Problem requirements
Please restate word for word the lines of the entries below from the one with "May 21, 2011" to the one with "Jedidiah Duggar's Wife", inclusive, and leave out every picture.

[[ Material for this task open ]]

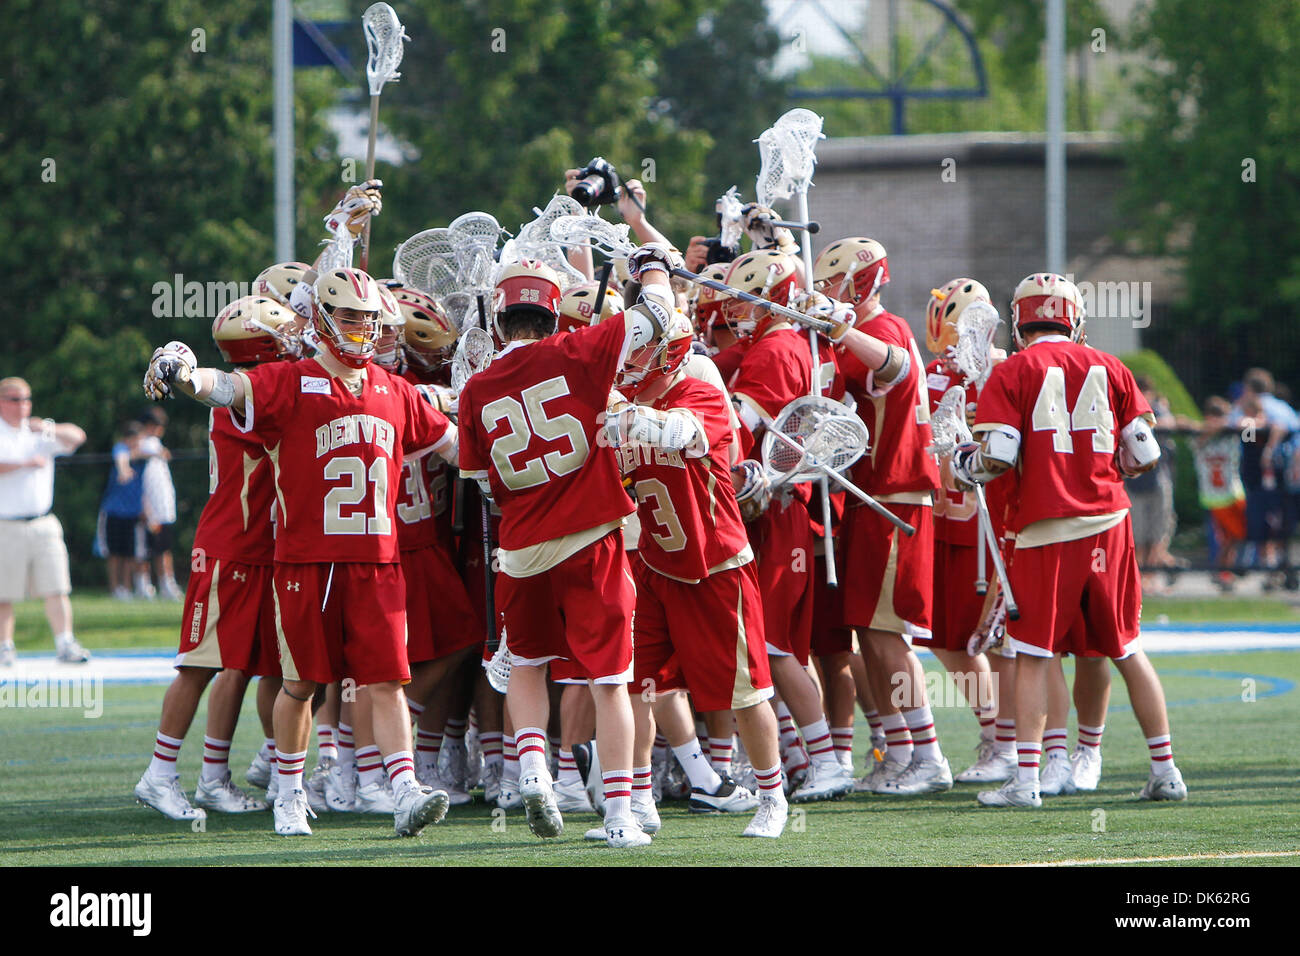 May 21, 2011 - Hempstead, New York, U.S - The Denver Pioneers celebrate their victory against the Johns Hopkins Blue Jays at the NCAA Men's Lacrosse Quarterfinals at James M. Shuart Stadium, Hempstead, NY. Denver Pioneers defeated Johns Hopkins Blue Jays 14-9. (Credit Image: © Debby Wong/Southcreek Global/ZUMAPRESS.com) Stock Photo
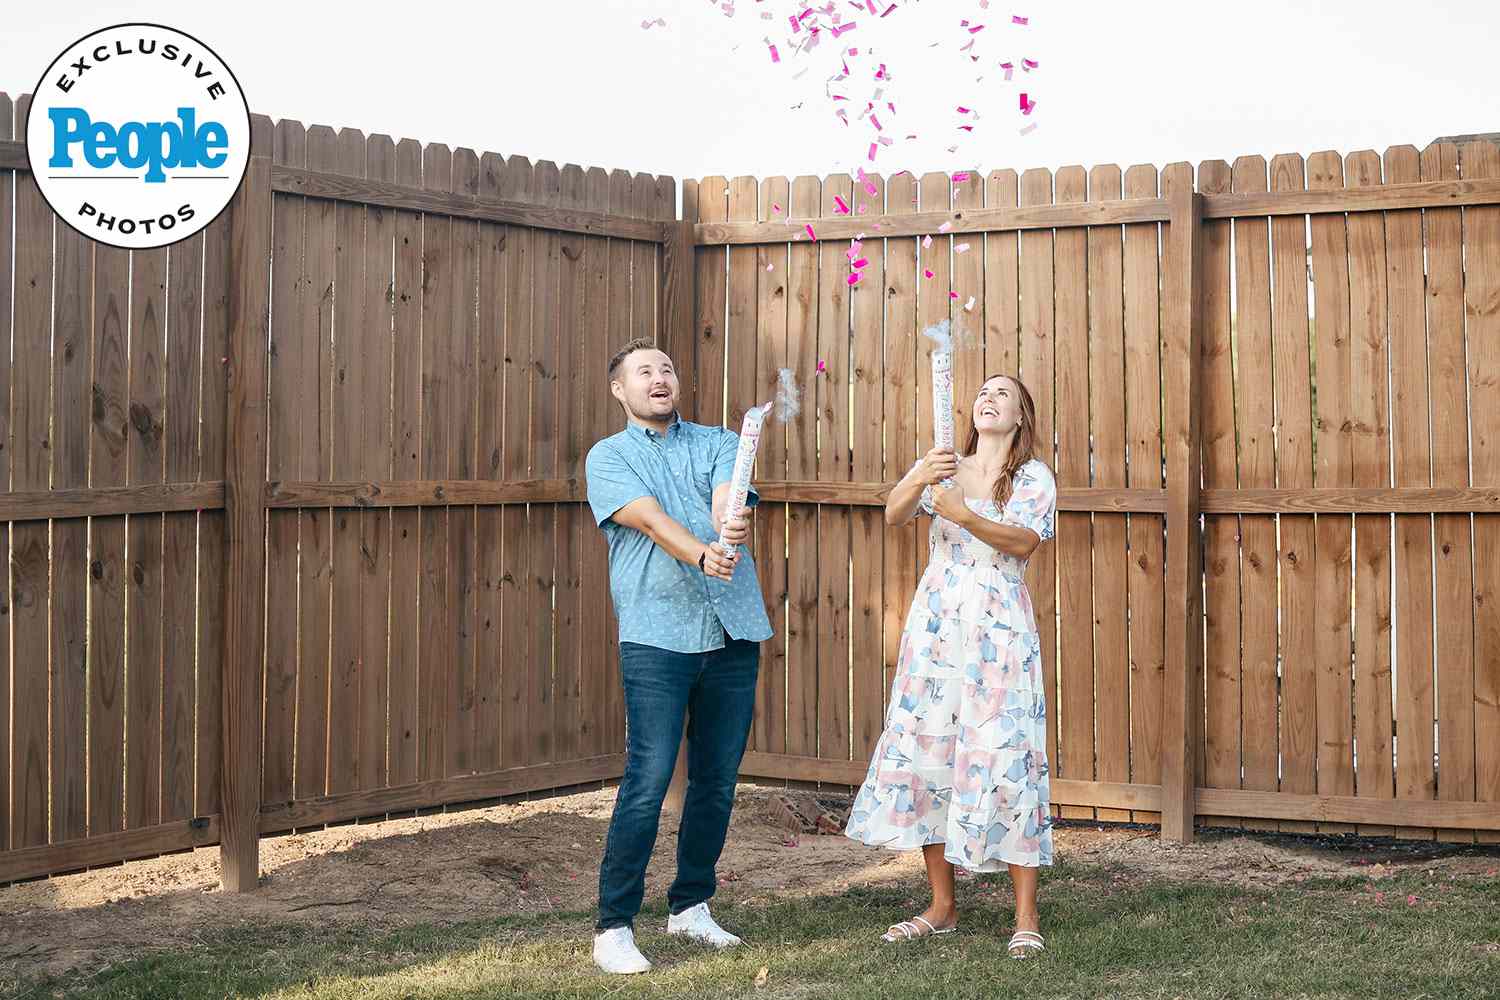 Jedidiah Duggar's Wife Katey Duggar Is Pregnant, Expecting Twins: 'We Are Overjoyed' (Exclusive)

[[ Material for this task closed ]]
[[ Material for this task open ]]

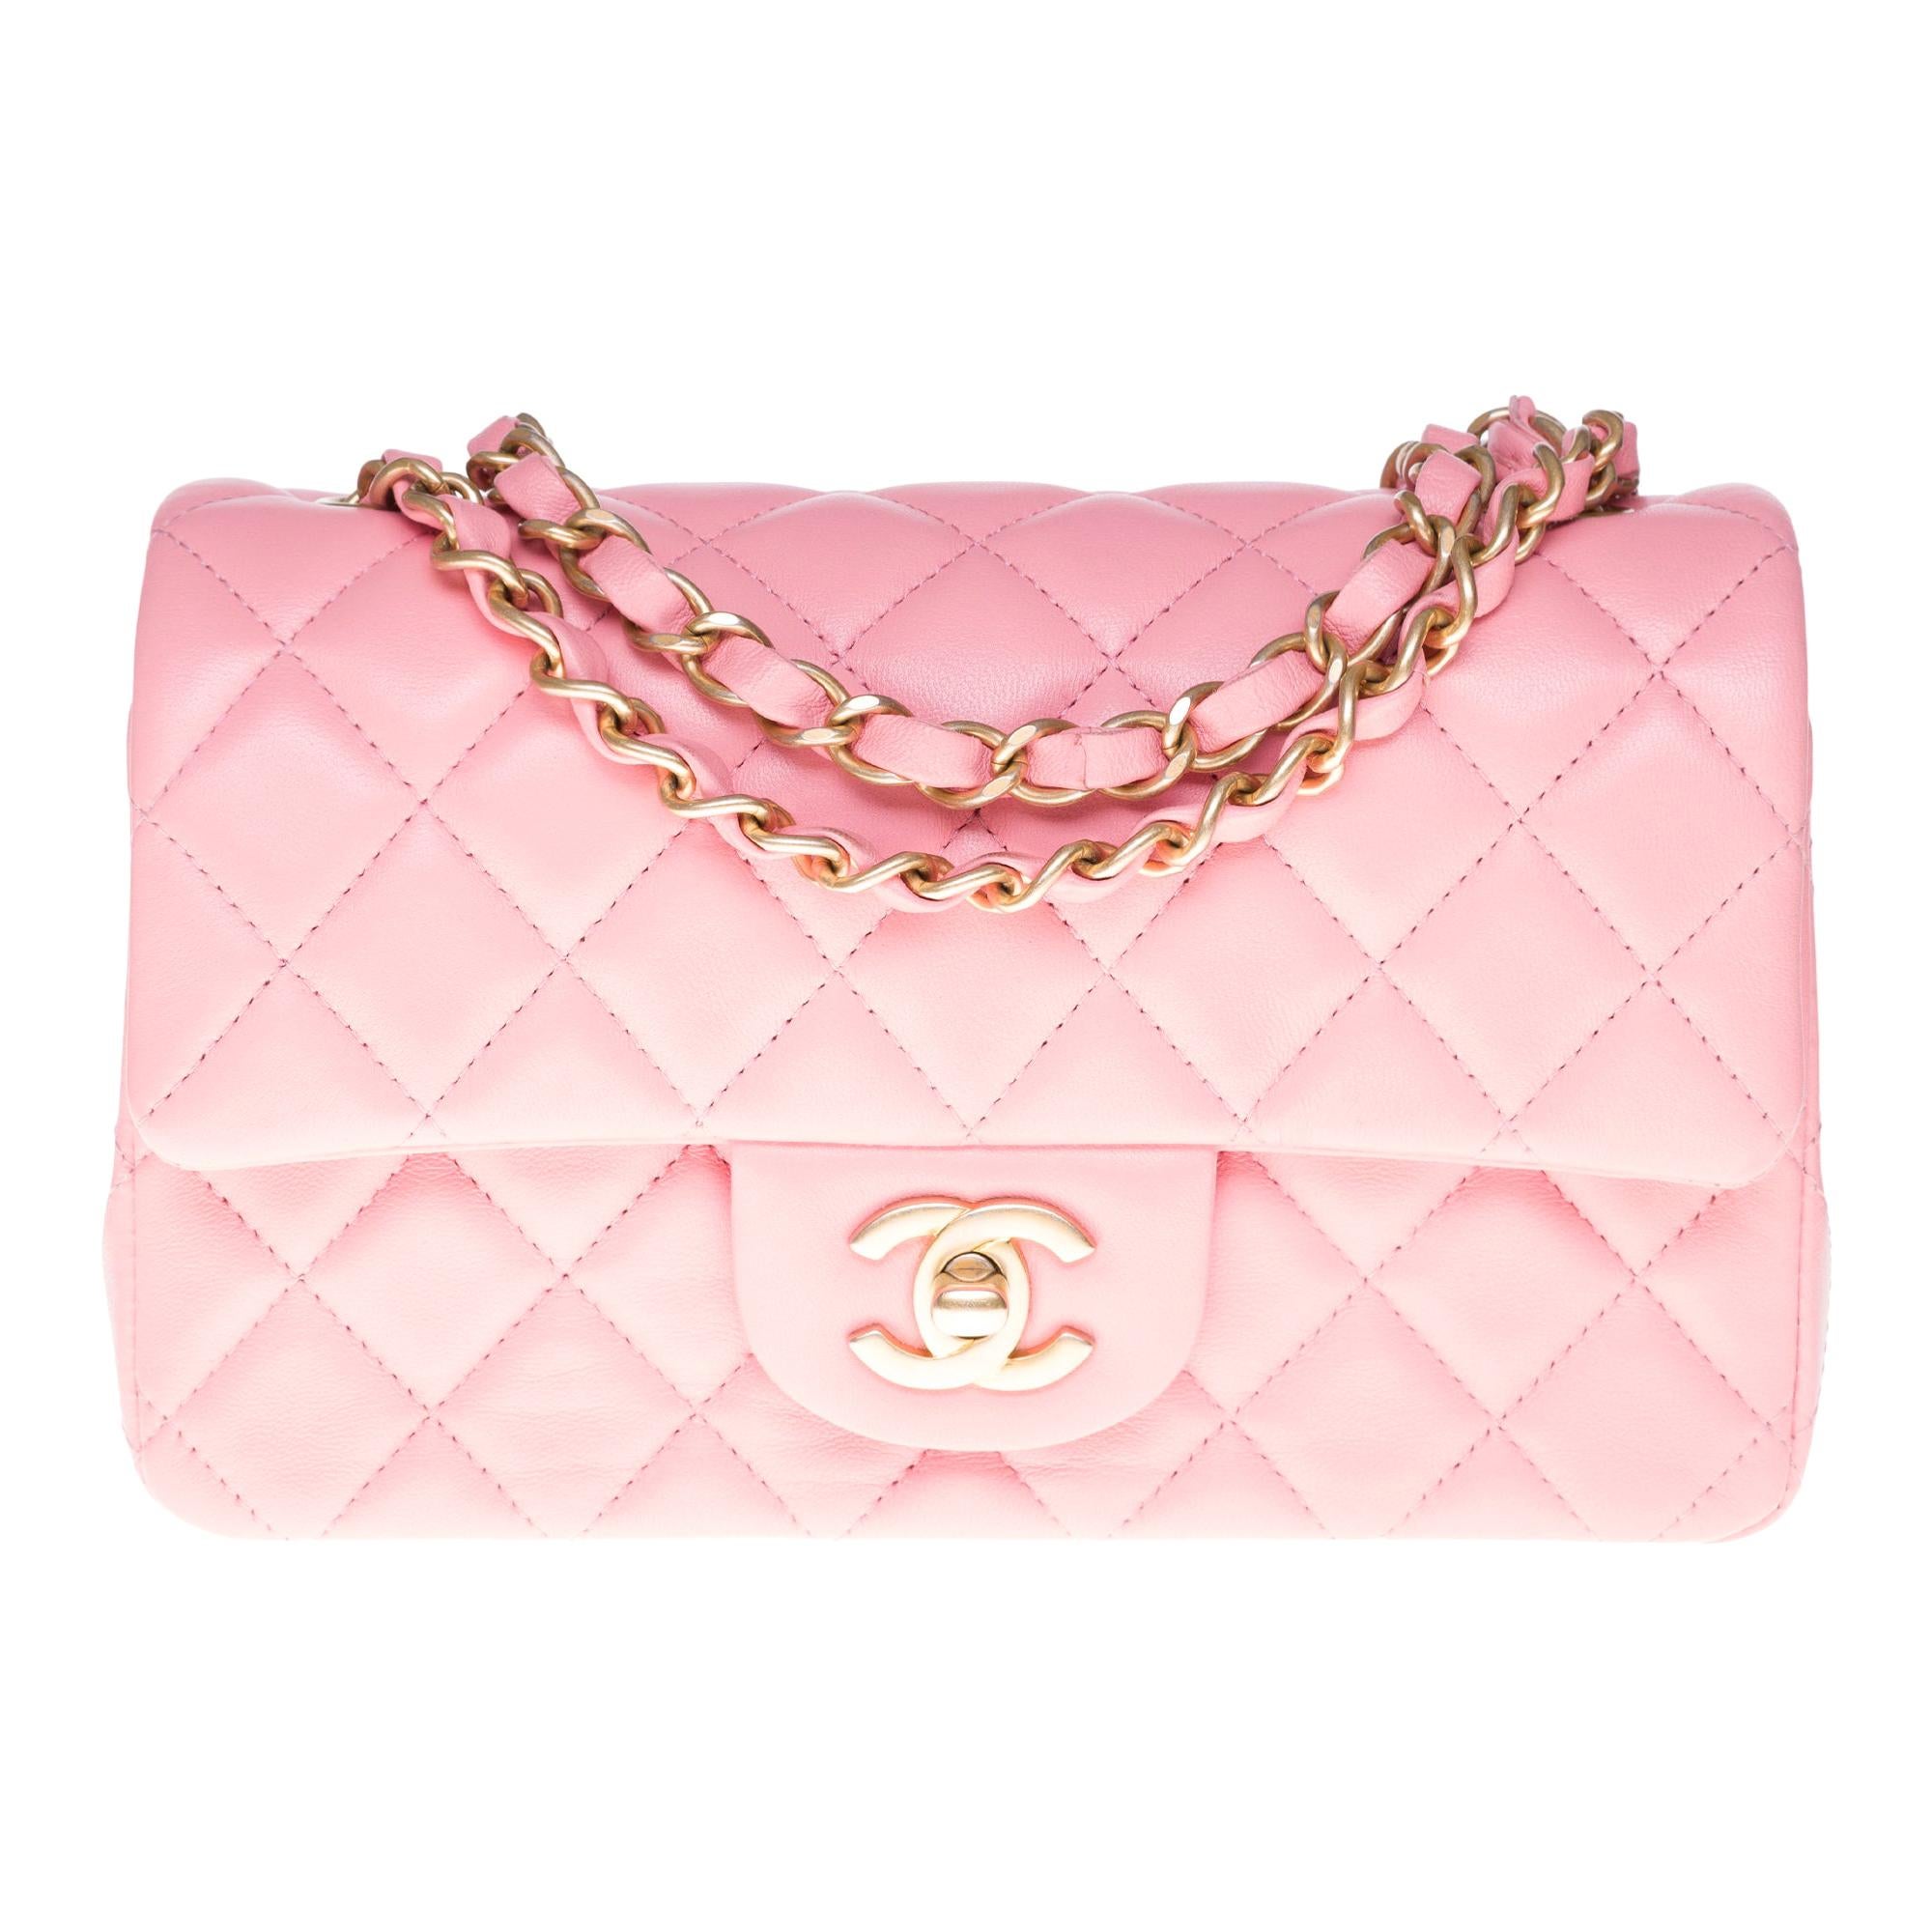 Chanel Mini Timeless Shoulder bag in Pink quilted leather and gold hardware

[[ Material for this task closed ]]

Task output
 May 21, 2011 - Hempstead, New York, U.S - The Denver Pioneers celebrate their victory against the Johns Hopkins Blue Jays at the NCAA Men's Lacrosse Quarterfinals at James M. Shuart Stadium, Hempstead, NY. Denver Pioneers defeated Johns Hopkins Blue Jays 14-9. (Credit Image: © Debby Wong/Southcreek Global/ZUMAPRESS.com) Stock Photo
 Jedidiah Duggar's Wife Katey Duggar Is Pregnant, Expecting Twins: 'We Are Overjoyed' (Exclusive)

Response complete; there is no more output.